Supported field types

The following table lists the field types supported by the Hive data source for offline reads.

Category

Hive data type

String

CHAR, VARCHAR, STRING

Integer

TINYINT, SMALLINT, INT, INTEGER, BIGINT

Floating-point

FLOAT, DOUBLE, DECIMAL

Date and time

TIMESTAMP, DATE

Boolean

BOOLEAN

Preparations

The required preparations vary based on the data source configuration mode.

Alibaba Cloud instance mode

If you want to synchronize the OSS tables in this instance, select the corresponding Access Identity. The supported access identities are Alibaba Cloud Account, RAM User, and RAM Role. Make sure that the selected access identity has the required OSS permissions. Otherwise, the data synchronization fails due to insufficient read and write permissions.

Important

The connectivity test does not verify data read and write permissions.

Connection string mode

DLF configuration

If your Hive data source is from EMR and uses DLF for metadata management, you must add the following content to the Extension Parameters field:

{"dlf.catalog.id" : "my_catalog_xxxx"}

In the code, my_catalog_xxxx is the name that corresponds to the dlf.catalog.id parameter in your EMR Hive configuration.

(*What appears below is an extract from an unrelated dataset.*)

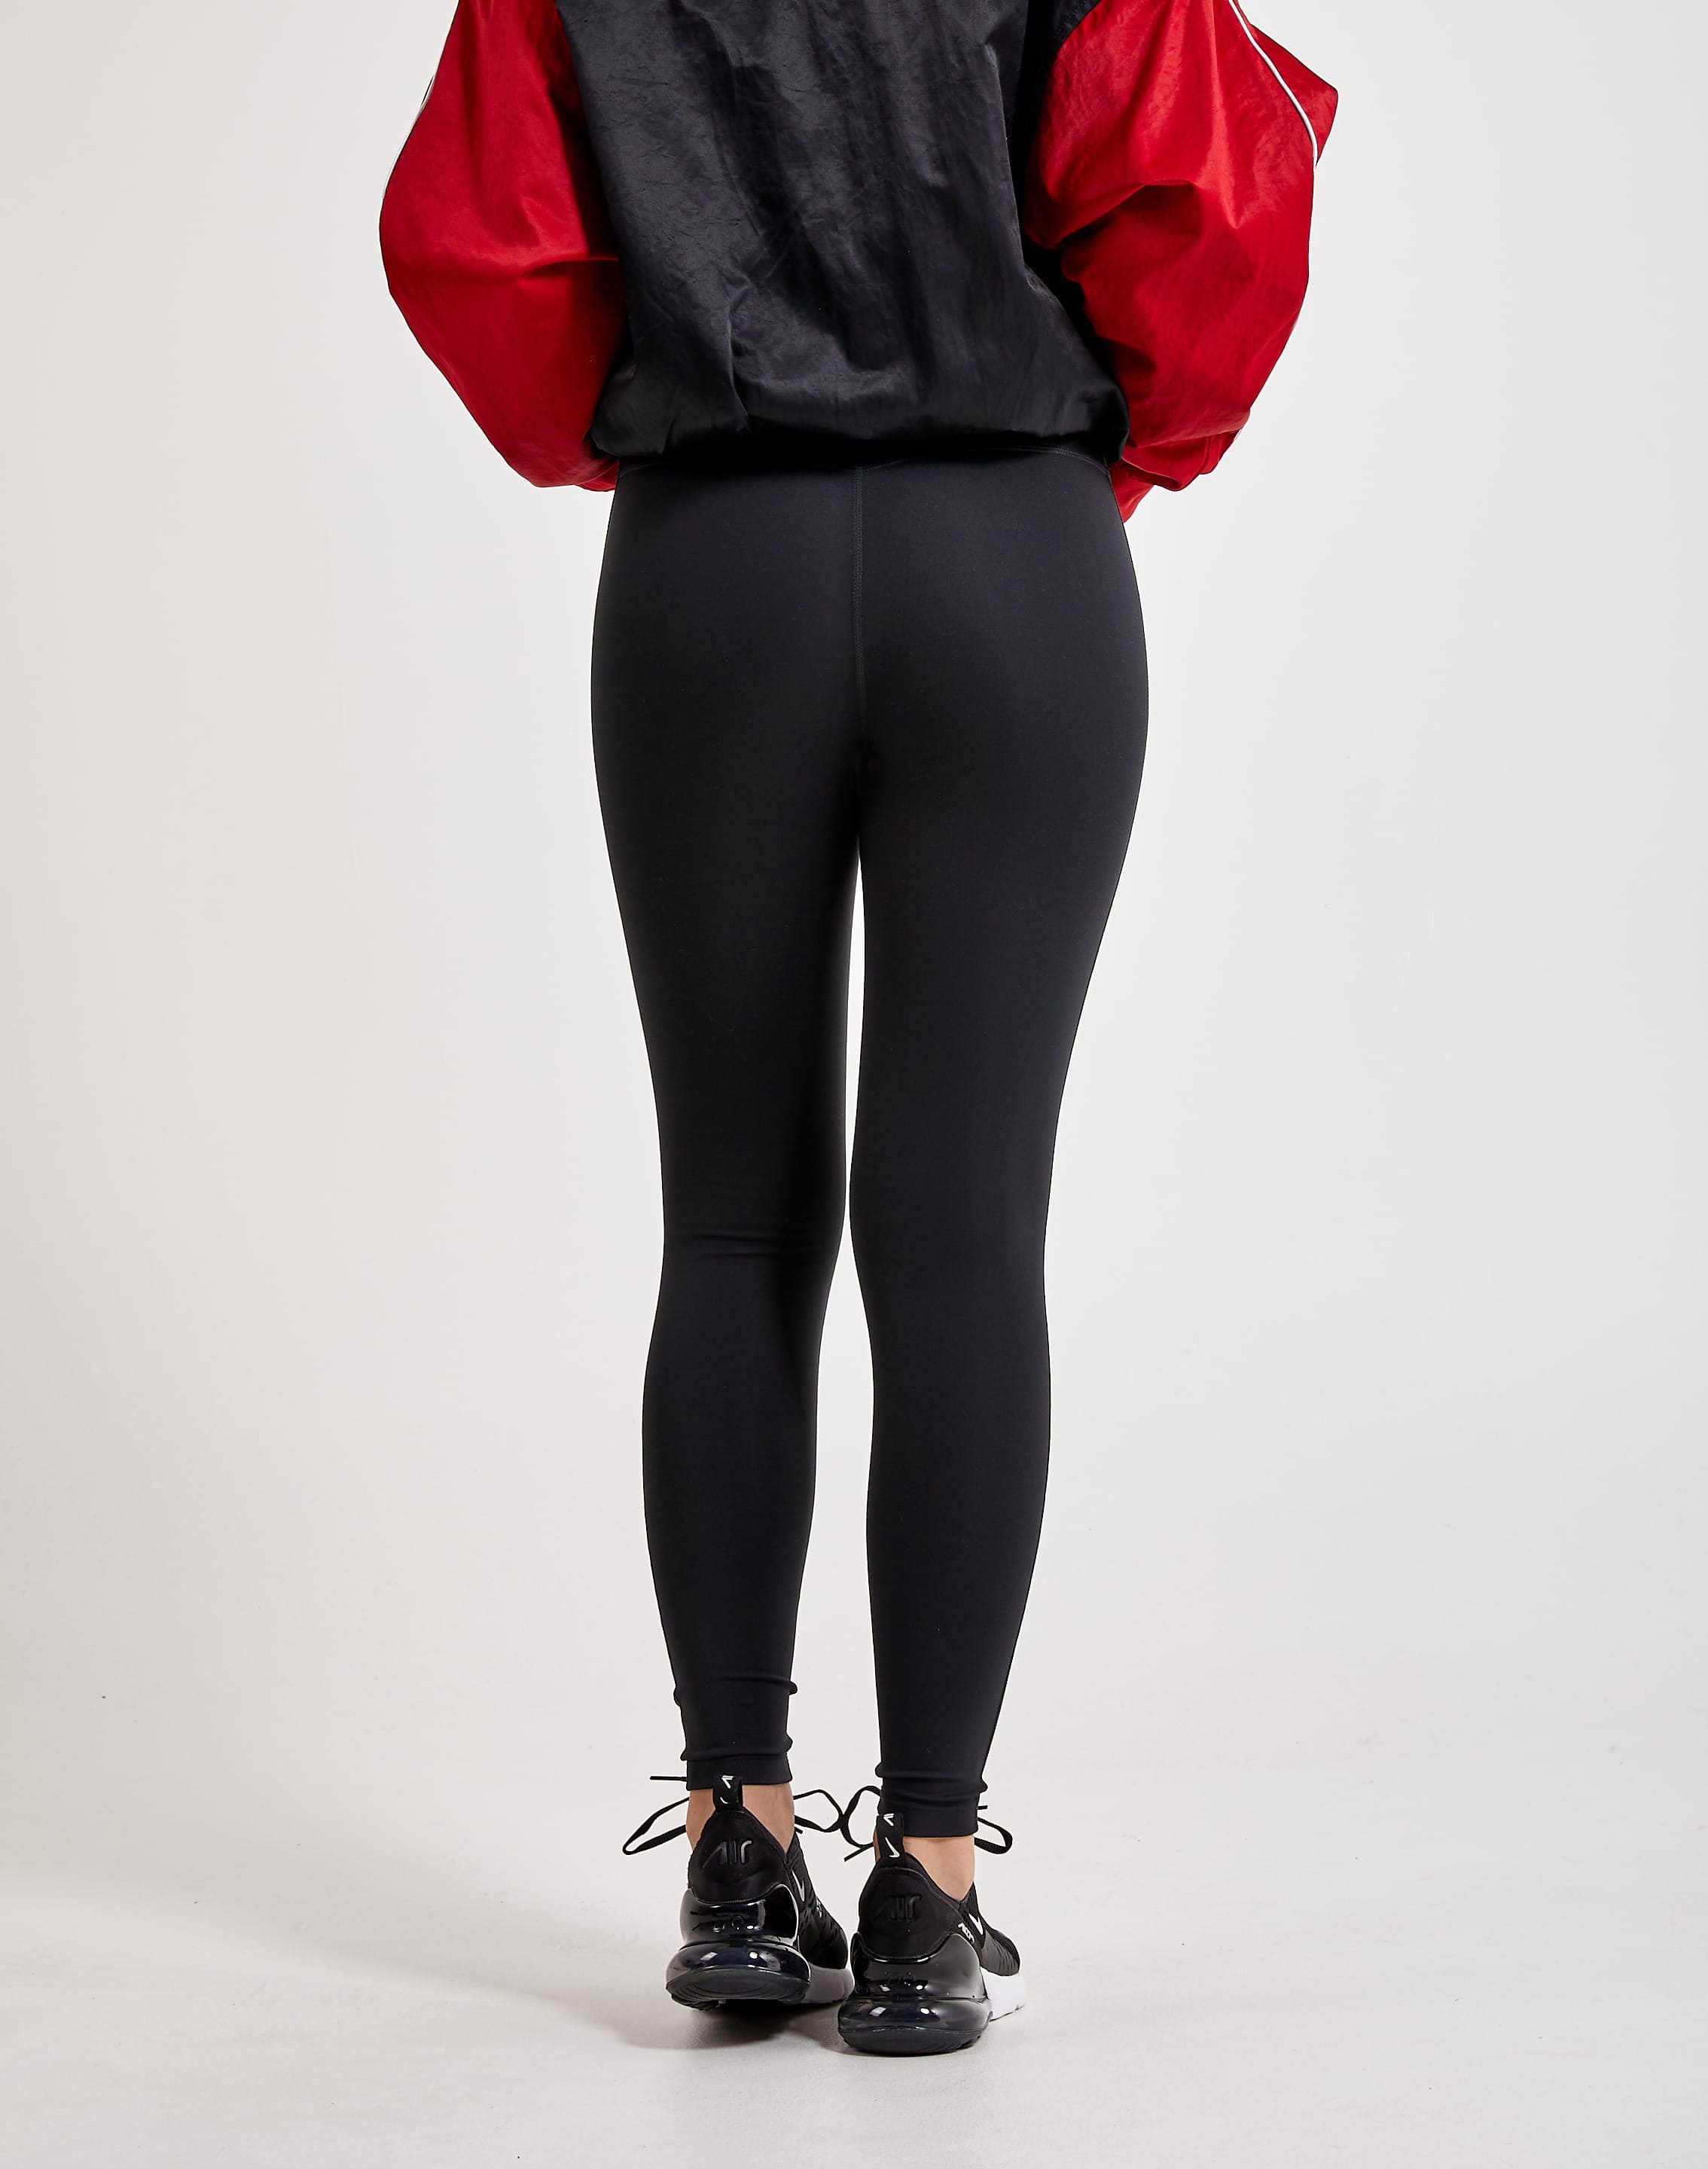 Legging avec logo Jordan Sport pour femme

High availability (HA) configuration

If the EMR Hive cluster that you want to sync has High Availability enabled, you must enable High-availability Mode and configure the relevant HA information in the Extended Parameters section in the following format. You can go to the EMR console, find the target cluster, and then click Cluster Services in the Actions column to obtain the relevant configuration values.

{
// The following code provides an example of HA configurations.
"dfs.nameservices":"testDfs",
"dfs.ha.namenodes.testDfs":"namenode1,namenode2",
"dfs.namenode.rpc-address.testDfs.namenode1": "",
"dfs.namenode.rpc-address.testDfs.namenode2": "",
"dfs.client.failover.proxy.provider.testDfs":"org.apache.hadoop.hdfs.server.namenode.ha.ConfiguredFailoverProxyProvider"
// (Optional) If the underlying storage is OSS, you must configure the following parameters in the extended parameters to connect to the OSS service.
"fs.oss.accessKeyId":"<yourAccessKeyId>",
"fs.oss.accessKeySecret":"<yourAccessKeySecret>",
"fs.oss.endpoint":"oss-cn-<yourRegion>-internal.aliyuncs.com"
}

OSS external table configuration

If the underlying storage is OSS, note the following:

  • The defaultFS configuration must be prefixed with oss://, for example, oss://bucketName.

  • If the table that you want to sync is an OSS external table, you must enter the OSS-related information in the Extension Parameters field when you configure the Hive data source.

    {
        "fs.oss.accessKeyId":"<yourAccessKeyId>",
        "fs.oss.accessKeySecret":"<yourAccessKeySecret>",
        "fs.oss.endpoint":"oss-cn-<yourRegion>-internal.aliyuncs.com"
    }
  • If the table to sync is an OSS-HDFS external table, you must configure the related OSS-HDFS information in the Extension Parameters field when you configure the Hive data source.

    {
        "fs.oss.accessKeyId":"<yourAccessKeyId>",
        "fs.oss.accessKeySecret":"<yourAccessKeySecret>",
        "fs.oss.endpoint":"cn-<yourRegion>.oss-dls.aliyuncs.com"
    }

CDH mode

To use the CDH mode to configure a Hive data source, you must register the CDH cluster with DataWorks.

Create a data source

When you develop a data synchronization task, you must create a corresponding data source in DataWorks. For more information about the procedure, see Data source management. For detailed explanations of the configuration parameters, see the text prompts for each parameter on the configuration page.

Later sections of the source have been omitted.